#### WHAT IS NEEDED:
Restate all of the following data exactly, keeping any images out of the copy.

#### SUPPLIED DATA:
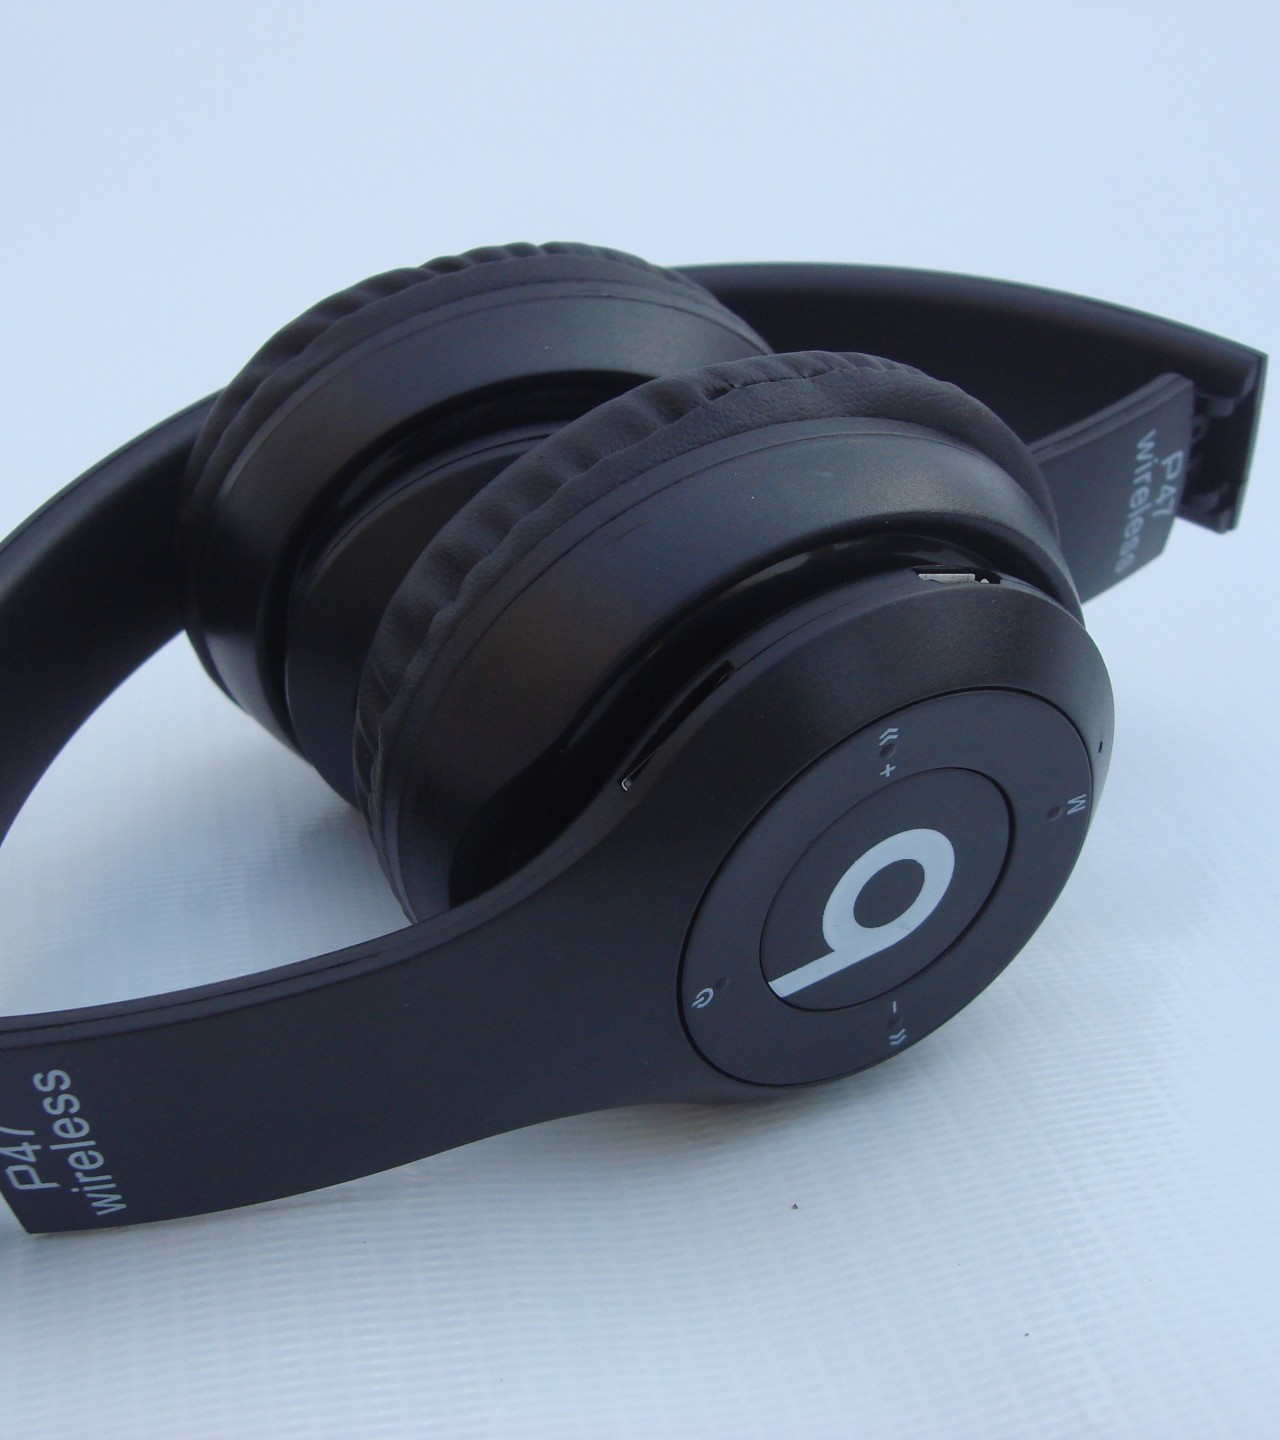 P47 Bluetooth Headphones - Black
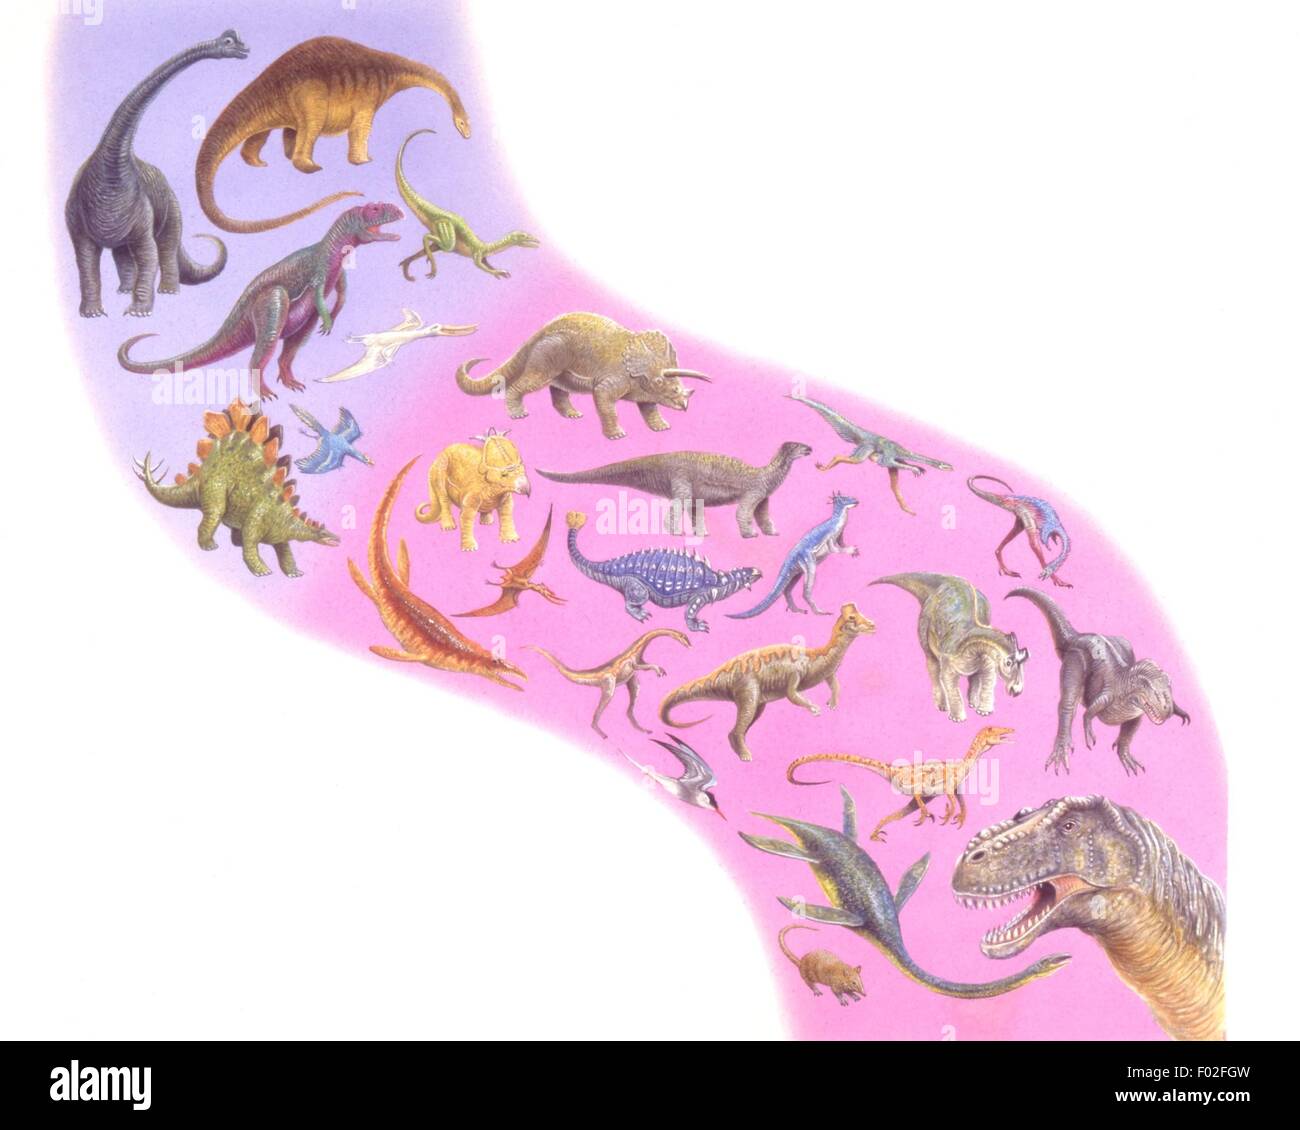 Palaeozoology - Mesozoic period - Dinosaurs - Art work by Steve Roberts Stock Photo
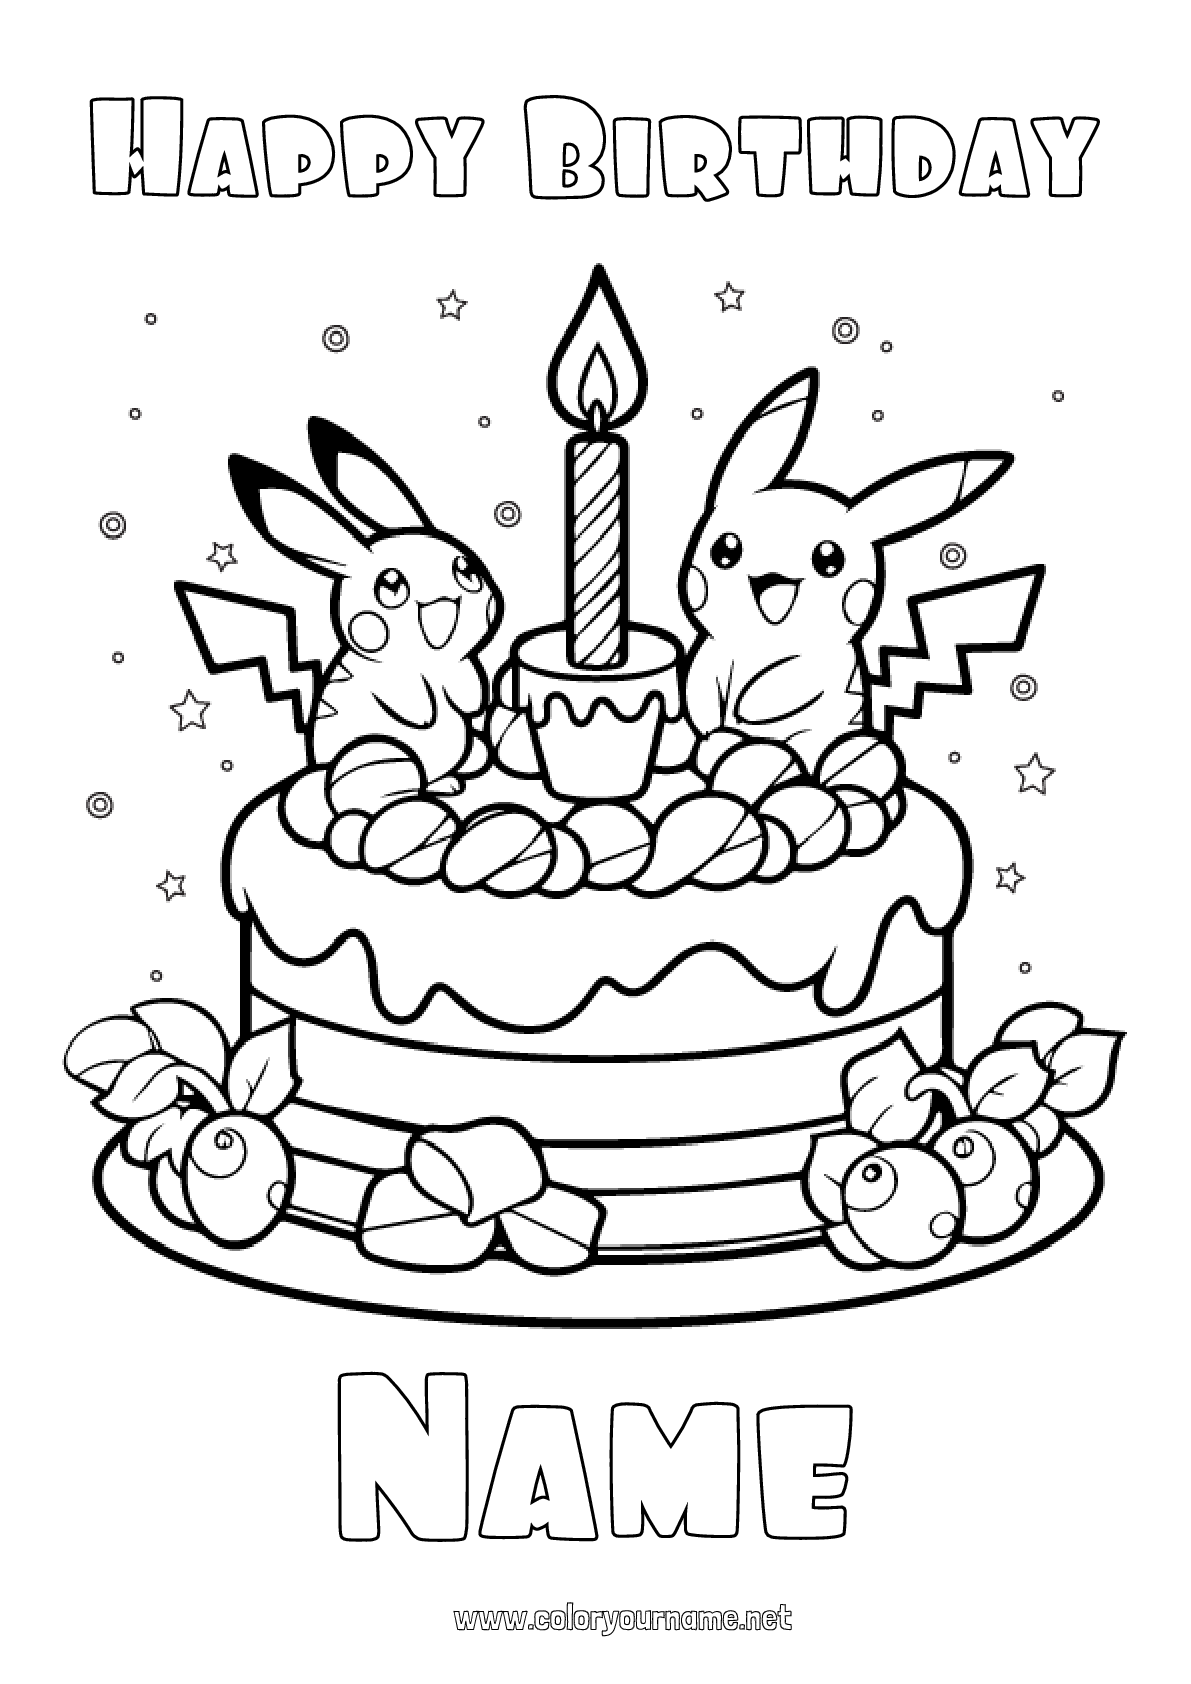 Coloring page No.3573 - Cake Birthday Pokemon
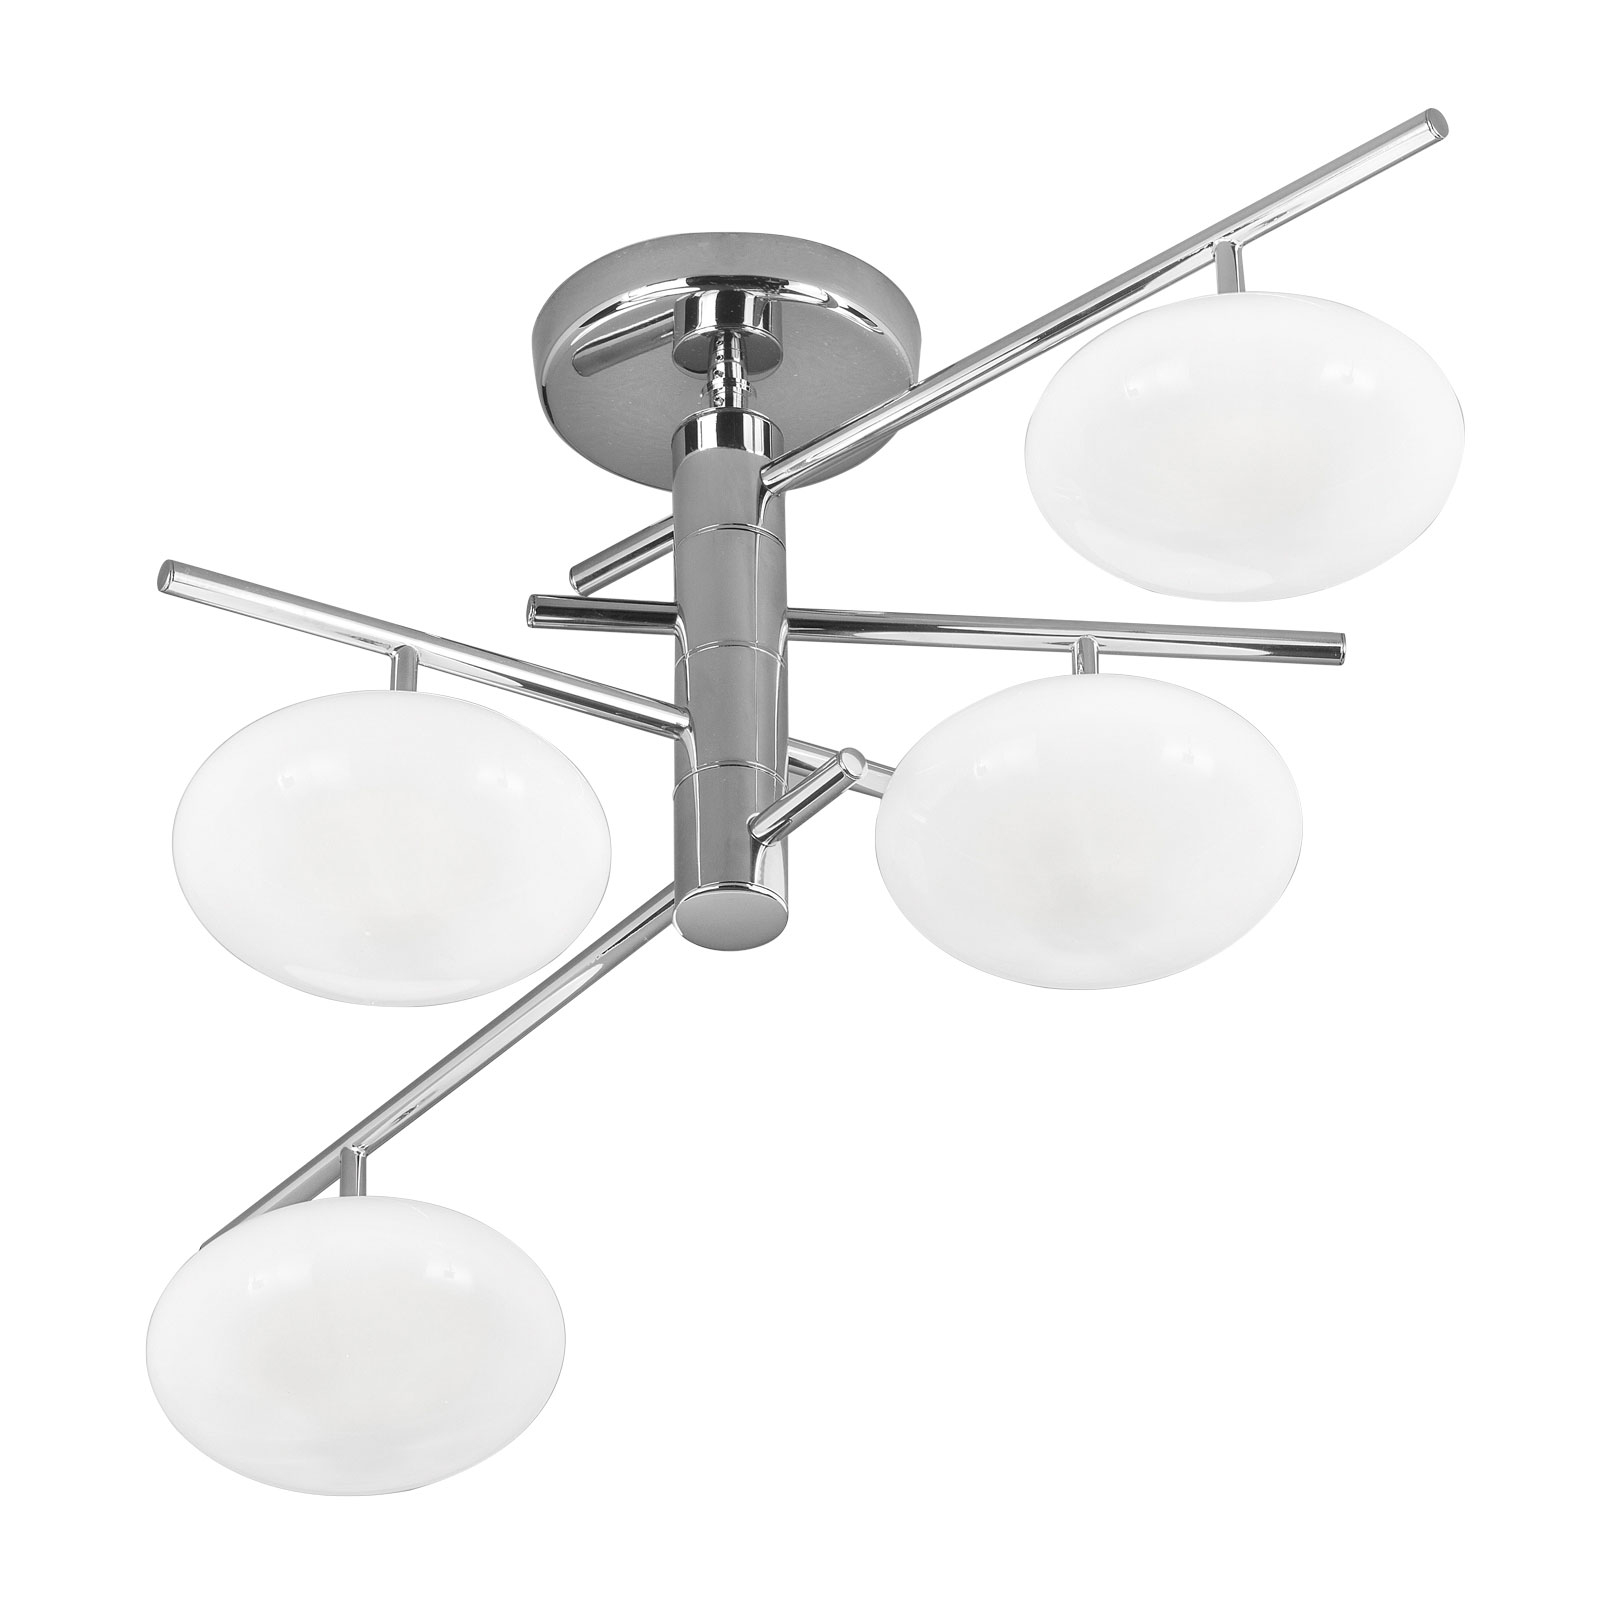 Dolce ceiling light 4-bulb chrome/white lampshades

#### RESPONSE TO THE TASK:
 P47 Bluetooth Headphones - Black
 Palaeozoology - Mesozoic period - Dinosaurs - Art work by Steve Roberts Stock Photo
 Coloring page No.3573 - Cake Birthday Pokemon
 Dolce ceiling light 4-bulb chrome/white lampshades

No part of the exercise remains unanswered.